Elektroantrieb stammt aus Kooperation mit Siemens

2006 machte der Autohersteller Tesla den Anfang: Die Kalifornier präsentierten einen rein elektrisch betriebenen Sportwagen – den Tesla Roadster. Zu dieser Zeit steckten die Ingenieure des Porsche-Veredelers Ruf mitten in der Entwicklungsphase ihres ersten Elektro-Roadsters. Im Oktober 2008 wurde der eRuf Roadster, ein umgebauter Porsche 911 mit Elektroantrieb, erstmals vorgestellt. Jetzt wird der weiterentwickelte Sportwagen im Alltag getestet. Klappt alles nach Plan, ist eine Kleinserie nicht mehr weit entfernt.

Elektroantrieb von Siemens
Ab Juli bis Oktober 2011 sind zehn eRuf-Fahrzeuge – je fünf als Coupé und Roadster – unterwegs. Getestet werden die Elektro-Sportwagen vor allem von den Zulieferern der Bauteile, um eventuelle Schwachstellen ausfindig zu machen. Einer der wichtigsten Partner für dieses Projekt ist Siemens, von dem unter anderem der Elektromotor stammt. Das Gerüst des eRuf bildet zwar ein Porsche 911 der aktuellen Baureihe, mit dem schwäbischen Sportwagenhersteller kooperiert Ruf aber nicht.

Zentraler Elektromotor
Drei verschiedene Elektroantriebe werden von Ruf getestet: Drei der zehn Fahrzeuge sind mit einem Elektromotor ausgestattet, der 180 kW (245 PS) und ein maximales Drehmoment von 520 Newtonmeter leistet. Dieser eRuf soll in sieben Sekunden von null auf 100 km/h sprinten. Mit 1.750 Kilogramm Gewicht ist er rund 200 Kilogramm schwerer als ein Serien-Elfer.

Doppelmotorkonzept
Eine weitere Variante ist ein Elektroantrieb mit zwei gekoppelten Motoren, die zusammen 250 kW (340 PS) leisten und auf ein maximales Drehmoment von 480 Newtonmeter kommen. Bei sechs eRuf wird die Kraft des Doppelmotors mit Hilfe eines automatisierten Zweigang-Schaltgetriebes auf die Hinterräder übertragen. Einer der Elektro-Sportwagen ist mit zwei getrennt arbeiteten Motoren ausgerüstet, wodurch das so genannte Torque-Vectoring ermöglicht wird. Das linke und das rechte Hinterrad können dadurch unabhängig voneinander angetrieben werden. Der Sprint auf 100 km/h dauert mit Doppelmotor nur fünf Sekunden. Die Höchstgeschwindigkeit liegt je nach Antriebskonzept zwischen 180 und 220 km/h.

Zwei unterschiedliche Batteriekonzepte
Der eRuf mit nur einem Elektromotor bekommt Lithium-Ionen-Batterien, die eine Speicherkapazität von 29 kWh haben. Die Reichweite soll 150 Kilometer betragen. Die Ladezeit beträgt bis zu neun Stunden an einer Haushaltssteckdose und vier bis fünf Stunden bei der Verwendung von Starkstrom. Die sieben eRuf mit doppeltem Elektromotor verfügen über flüssig gekühlte und beheizbare Lithium-Ionen-Batterien. Die Reichweite erhöht sich auf 200 Kilometer, der Energiegehalt steigt auf 36,6 kWh. Die Ladezeit an Haushaltssteckdosen wird mit zehn bis elf Stunden angegeben, bei der Aufladung mit Starkstrom soll diese eineinhalb bis zwei Stunden betragen.

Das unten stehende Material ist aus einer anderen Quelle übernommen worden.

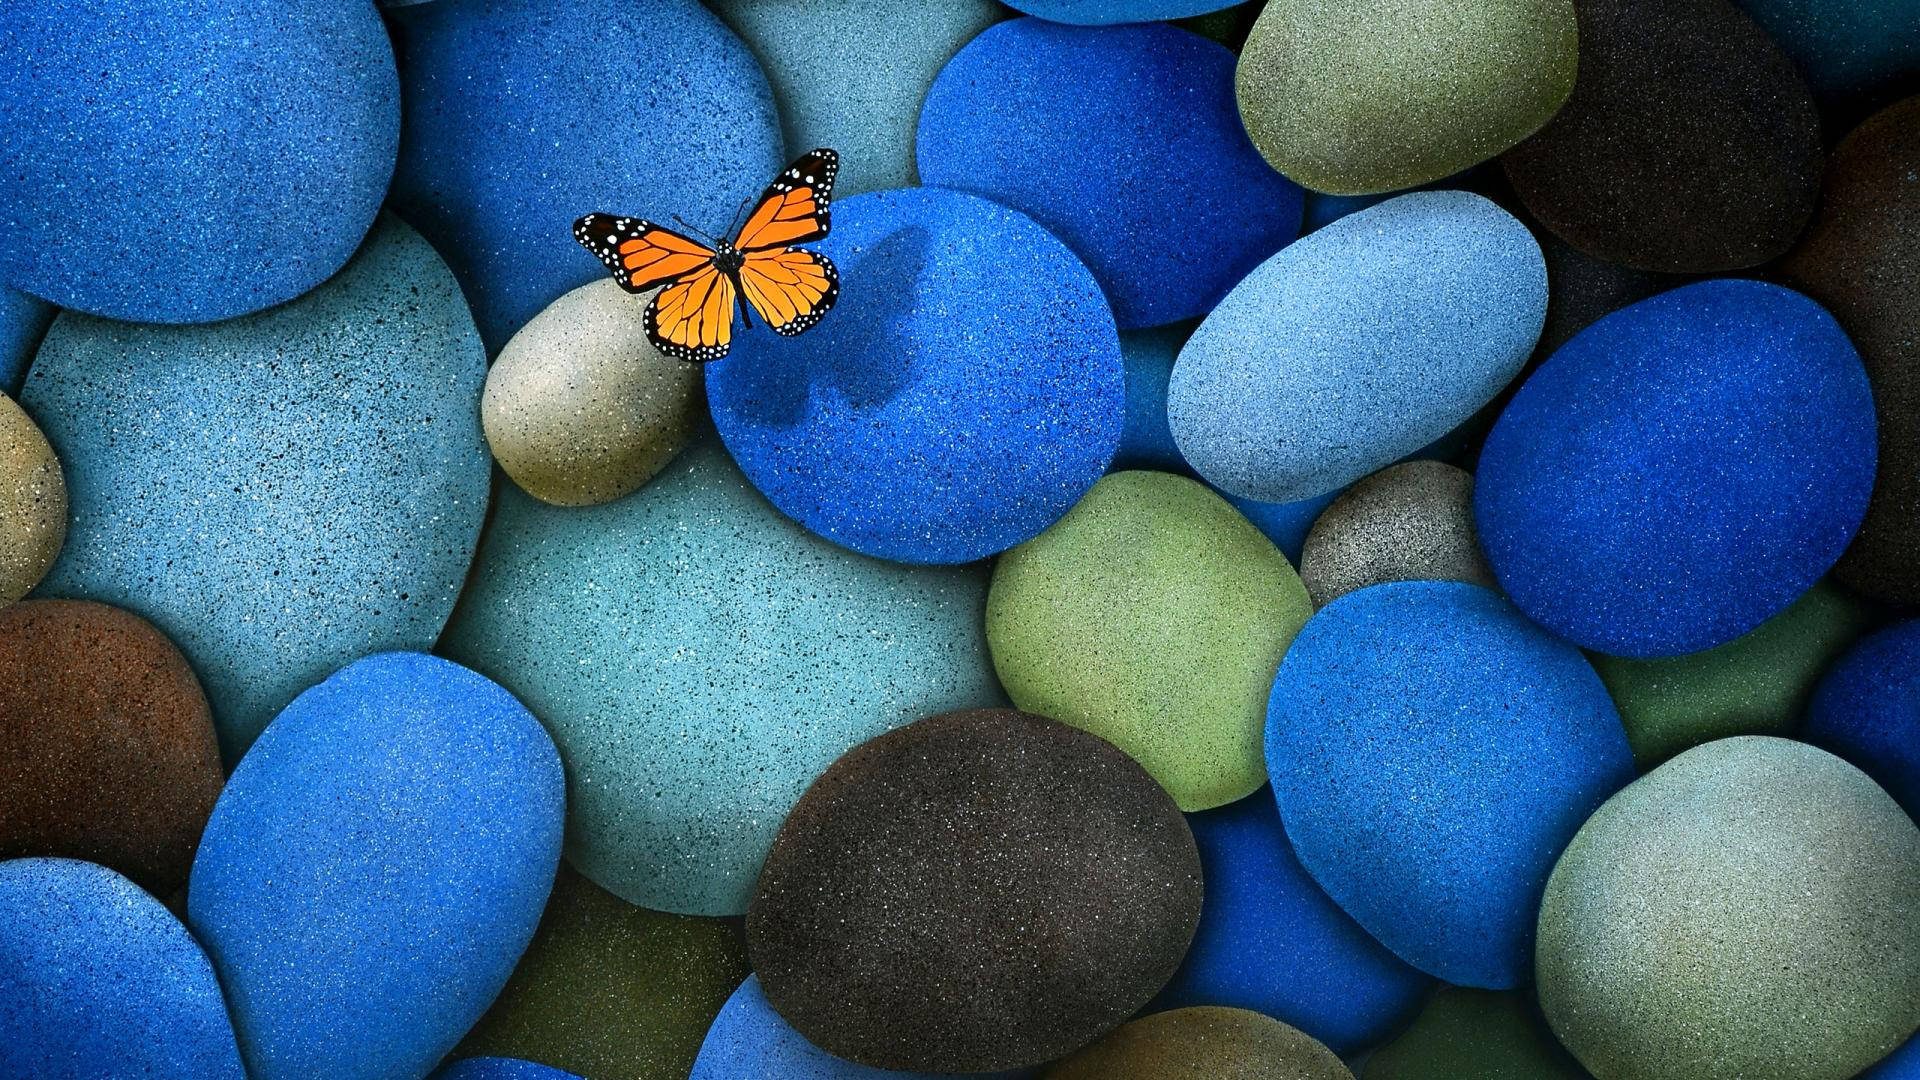 Beautiful Hd Butterfly And Colorful Stones Background

Blackbox zeichnet Daten auf
Alle zehn eRuf haben eine Blackbox an Bord, die dem Hersteller wichtige Informationen über die Alltagstauglichkeit liefern soll. So werden zum Beispiel die Ladezyklen und die Leistungsdaten aufgezeichnet. Unterstützt wird das Projekt vom Bundesumweltministerium, das insbesondere an der Praxiserprobung der unterschiedlichen Batterie- und Antriebskonzepte interessiert ist.